El caso de Quintana Castillo, quizás el último de nuestros
pintores que llena la condición de crítico y fabulador, es elocuente. La reflexión
más importante que se ha hecho en torno a su pintura ha sido propuesta por él mismo;
y de allí la importancia de oírle y, en algunos casos, de dejar que sea él quien
hable, tal como lo ha venido haciendo en sus textos publicados en catálogos, libros,
revistas o dichos por la radio.
En todo lo que dice reafirma más o menos este principio.
Mientras nos mantenga ocupados en los misterios que encierra, la pintura seguirá
siendo objeto de nuestros desvelos. Esto es tan evidente como el que no puede haber
pintura sin cuadro. El cuadro es la realidad de la pintura, su forma primera de
objetivación. Es lo que nos permite que creamos en ella y que la sigamos haciendo.
También es en el taller donde se comprueba que en cualquiera
de sus etapas la obra de un artista se plantea como síntesis de experiencia y presente.
Cada cuadro resume todos los pasos dados (otras obras, etapas, movimientos) para
llegar a él. Es este hecho particular, surgido de las condiciones del taller y en
el punto en que cada obra se muestra como resultado de un proceso (del proceso de
donde está surgiendo) lo que Quintana llama “acontecimiento” para referirse a sus
nuevas pinturas. El acontecimiento es el presente dinámico en que el pintor se ve
involucrado cuando se ocupa de registrar en el soporte todo lo que va experimentando
frente a él. Mientras se hace, esa es la manera natural de la pintura comunicarse
con el tiempo. Pues un cuadro no es solo una realidad en sí misma, sino una realidad
comunicable y en comunicación. Su existencia se ofrece como apertura y continuidad,
ya que del mismo modo que espera la mirada del espectador para completarse, también
se nos manifiesta como fragmento de una superficie mayor, de la cual el cuadro es
portador de una pieza importante del rompecabezas llamado realidad. Así también
el trozo de paisaje que descubrimos al ver por una ventana no es todo el paisaje.
Y por esto el cuadro es acontecer: porque se articula a un todo, fuera y dentro
de la percepción del pintor. Como realidad subjetiva y como realidad objetiva.
Acontecer y continuidad espacial como conceptos sirven
de pretexto a Quintana para producir una analogía con el pensamiento de Heráclito,
tal como lo hace en una serie de once cuadros en los cuales las ideas de movimientos
y cambio perpetuos de la materia, que expone el filósofo presocrático, pasan metafóricamente
a la pintura mediante un método de anotaciones rápidas y súbitas, conforme a la
dirección que ha tomado la obra de nuestro pintor.
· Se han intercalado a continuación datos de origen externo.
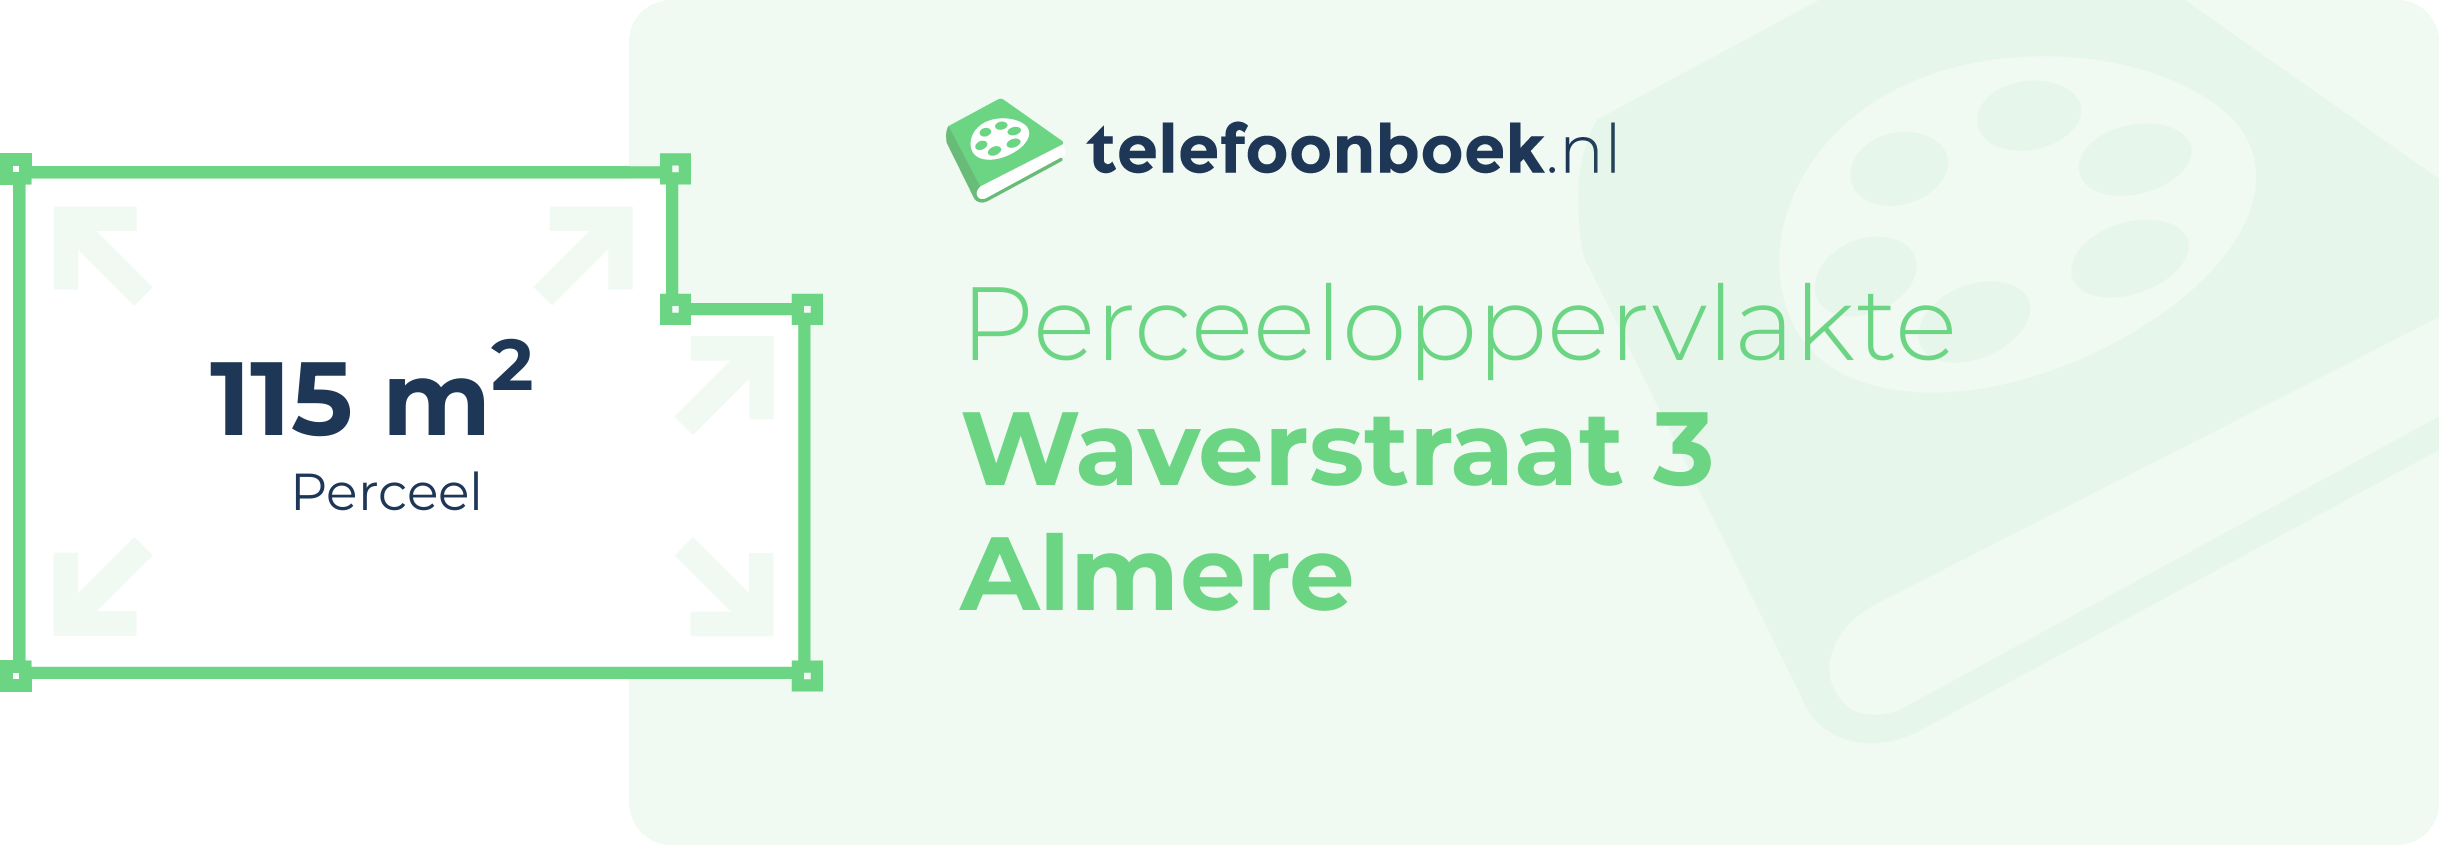 Perceeloppervlakte Waverstraat 3 Almere

Estas mismas obras representan
el punto más alejado de una evolución en espiral en la que los extremos de la trayectoria
se tocan hasta permitirnos constatar la libertad con que el pintor echa mano a recursos
empleados en sus primeros tiempos. La pulsión automática controlada, la impronta
rápida del grafismo y el color dividido, mediante pinceladas lineales o fuertes
trazos gestuales, se combinan con alusiones muy veladas a cierto registro figurativo
de su primera época para poner de manifiesto, en la vida del pintor, un momento
de gran extroversión.
Pero no es el tema lo que interesa a Quintana, sino la
pintura. O mejor aún, le interesa explorar los procesos mediante los cuales, a través
de una imagen fragmentada y continua, a manera de gran tejido de signos, la pintura
se hace explícita como espacio topológico. Espacio de sí mismo, espacio de su índole.
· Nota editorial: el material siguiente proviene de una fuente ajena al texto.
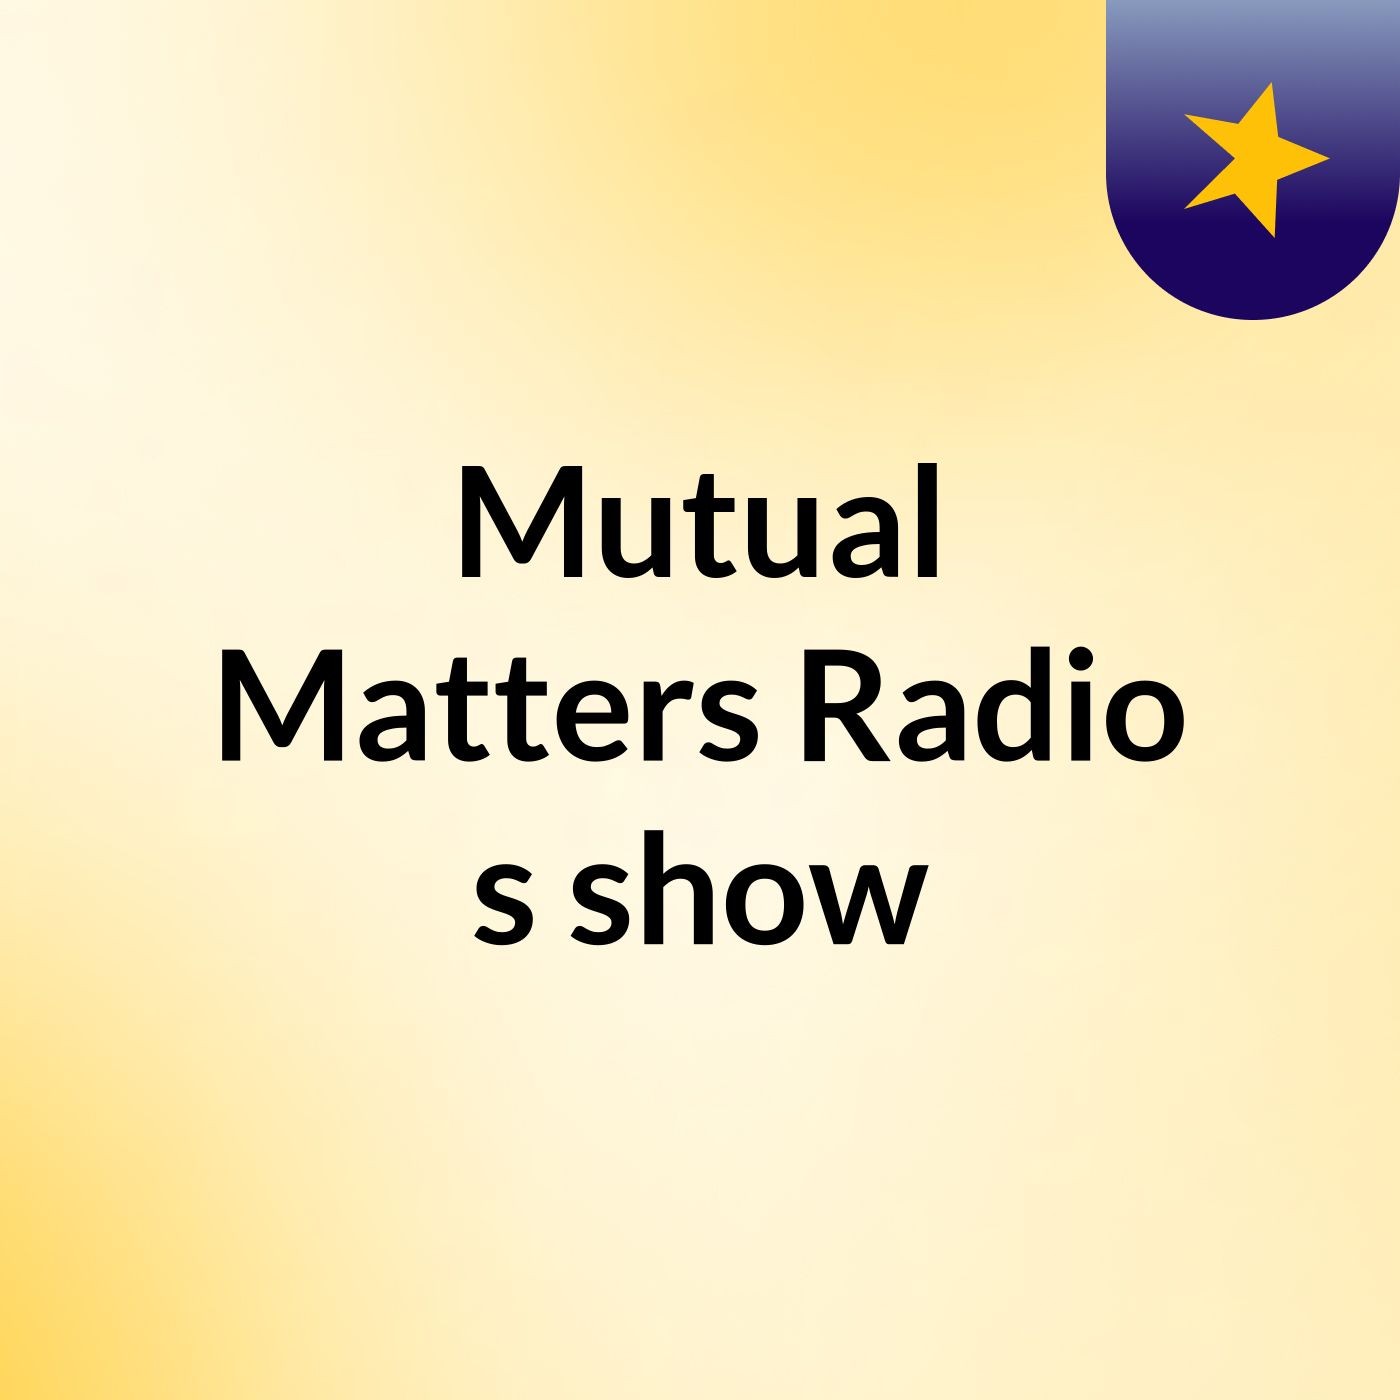 Mutual Matters Radio's show

Porque nada en las últimas obras de Quintana guarda relación de parecido con la
realidad; abolida toda referencia a rostros, cuerpos y objetos, la pintura se lanza
al vacío para encontrarse con ella misma. Lo que cuenta ahora es la especificidad
de los medios y la sinceridad del procedimiento. Con esto, Quintana quiere decirnos
algo semejante a lo del río de Heráclito: no se desciende dos veces a las mismas
aguas. No son las ideas de las cosas sino las cosas mismas, la materia, lo que está
en fluencia. Y el cuadro, como su metáfora, es aquello en que el cuadro mismo deviene.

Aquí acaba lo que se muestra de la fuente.